172 Iowa 182 | Iowa | 1915
II. Appellant, while admitting that a judgment in rem was entered against the principal defendant, broadly contends that such judgment will not sustain a garnishment, and that the judgment must be in personam and not in rem. Whatever the rule in other states, this is not the rule here. Non-residence is one of the reasons for an .attachment in this state, and as garnishment is simply a form of attachment, the presence of a debtor in this state as an actual resident is sufficient to support an action aided by attachment in the' proper county against a nonresident debtor. See Code, §§ 3878, 3897, 3935 and 3946. Also Woodward v. Adams, 9 Iowa 474, and McDonald & Co. v. Moore, 65 Iowa 171. As the proceeding must be in rem where the judgment defendant is a nonresident, it follows that such a' judgment is ample support for a judgment against a garnishee. Willard v. Sturm, 96 Iowa 555.
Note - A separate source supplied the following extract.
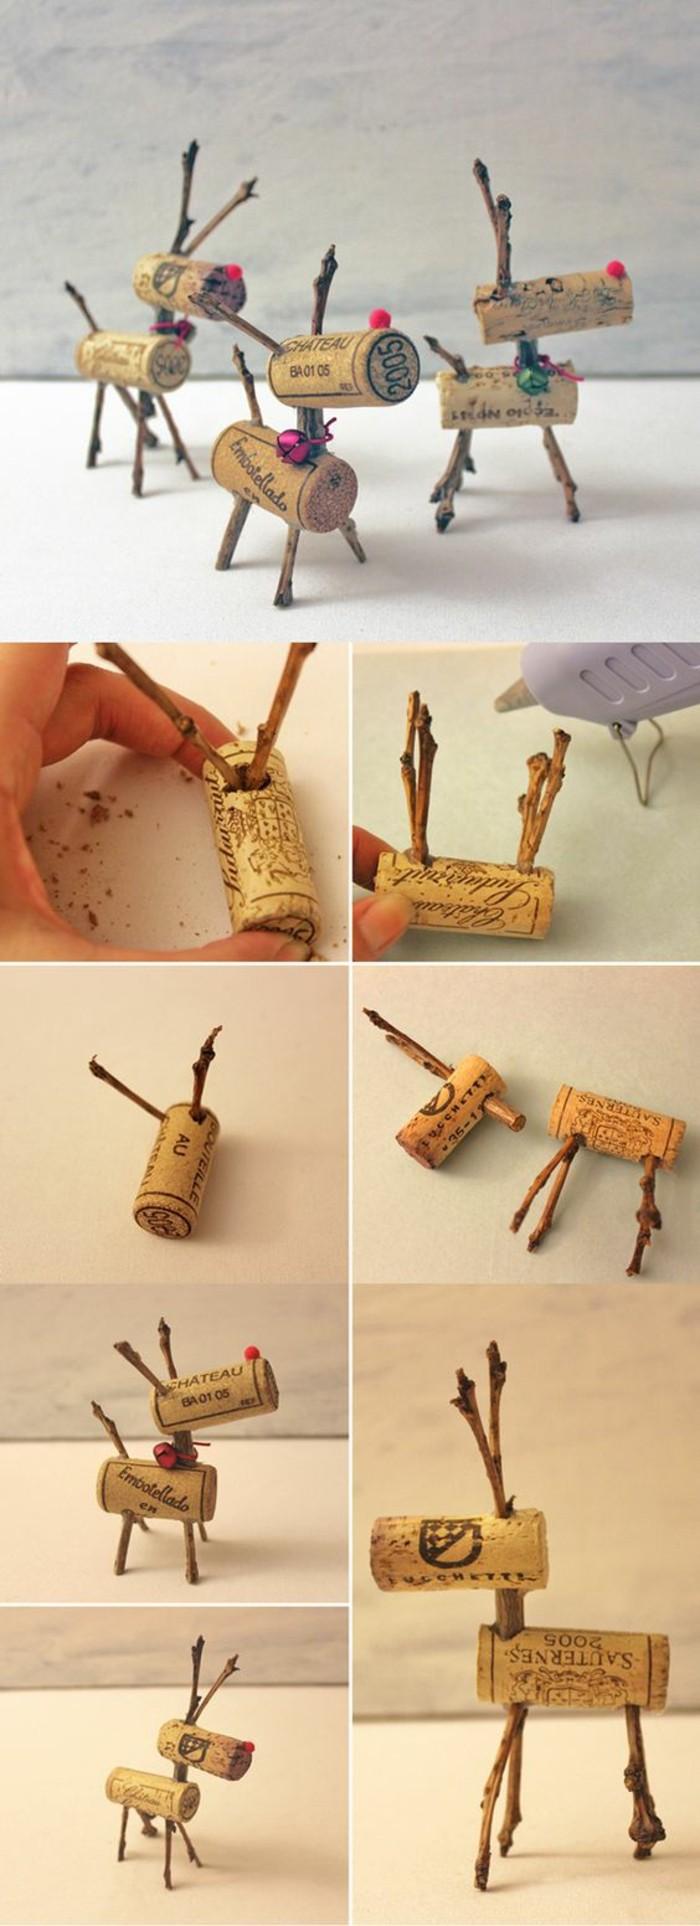 diy-ideas-with-corks40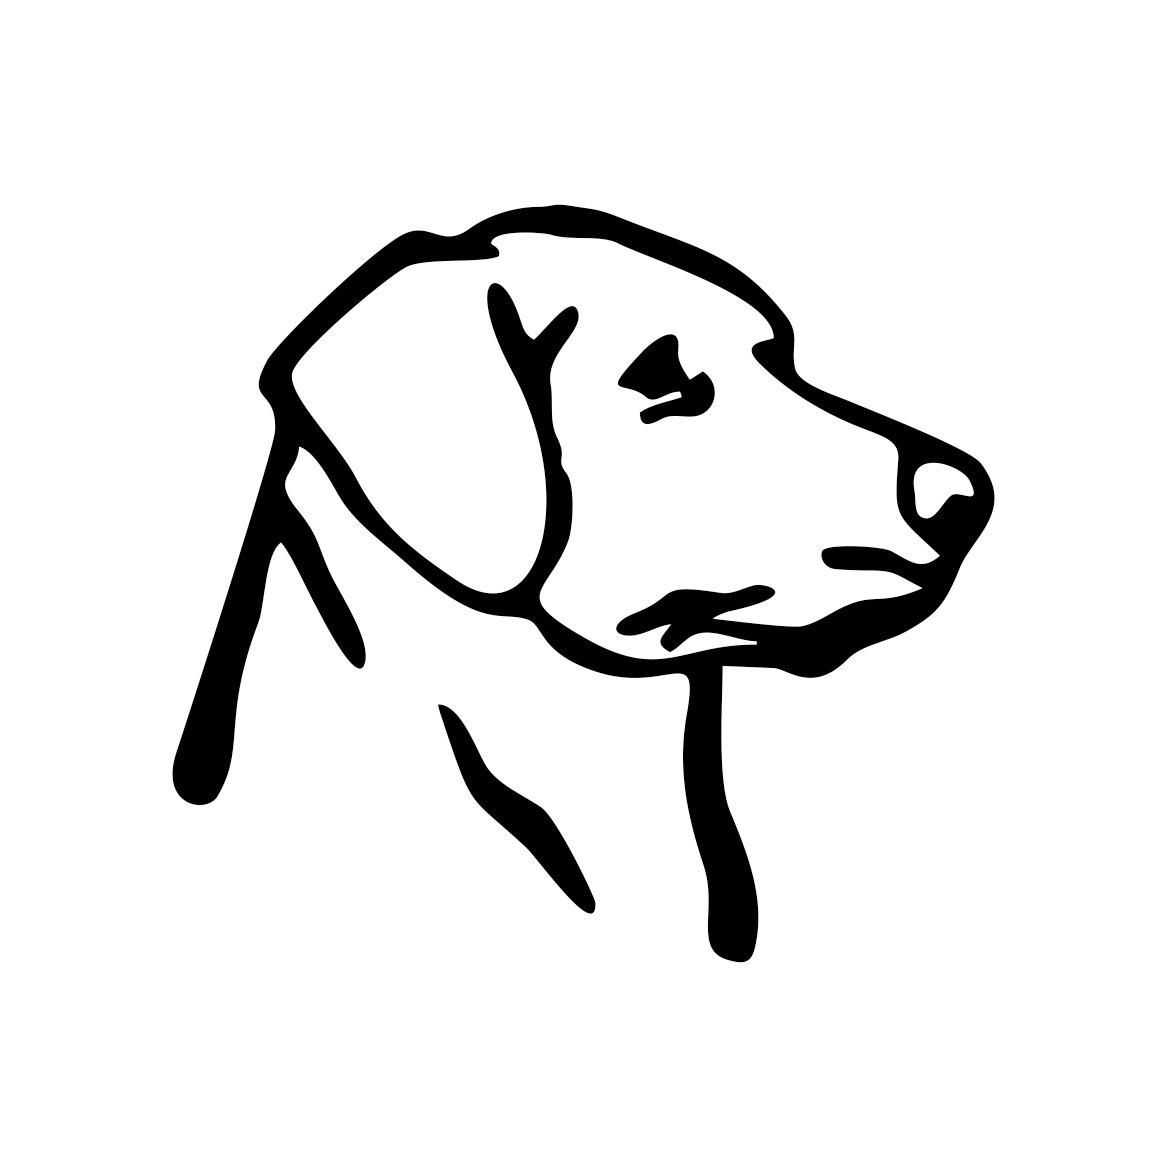 Labrador Retriever Dog Graphics Design Svg By Vectordesign

“As is said in Green v. Van Buskirk, 7 Wall, 139, attachment laws ‘necessarily assume that property has a situs entirely distinct from the owner’s domicile.’ ‘The plaintiff occupies, as against the garnishee, the position of the defendant, with no more rights than the defendant had, and liable to be met by any defense which the garnishee might make against an action by the defendant.’ Daniels & Co. v. Clark, 38 Iowa 556. And we think if the defendant, Rollins, could have maintained an action against the appellant in this state for the recovery of his wages, it follows that the debt was within this state, and subject to attachment. Whether he could have maintained such action does not depend upon the question as to the custom to make payment in Nebraska, but whether appellant was subject to the jurisdiction of the courts of this state, which we will now proceed to consider. ’ ’
See, also, Rood on Attachments, Garnishments, etc., pp. 237, 242, 243, 244, 245 and 246.
Courts will, however, save the garnishee from a double liability whenever such seems to be the result of a particular case. See Chicago, B. & Q. R. Co. v. Moore (Nebr.), 48 N. W. 475. No other questions going to the jurisdiction of the court are presented and, as there is no merit in either of the ones relied upon for a reversal, the judgment must be and is — Affirmed.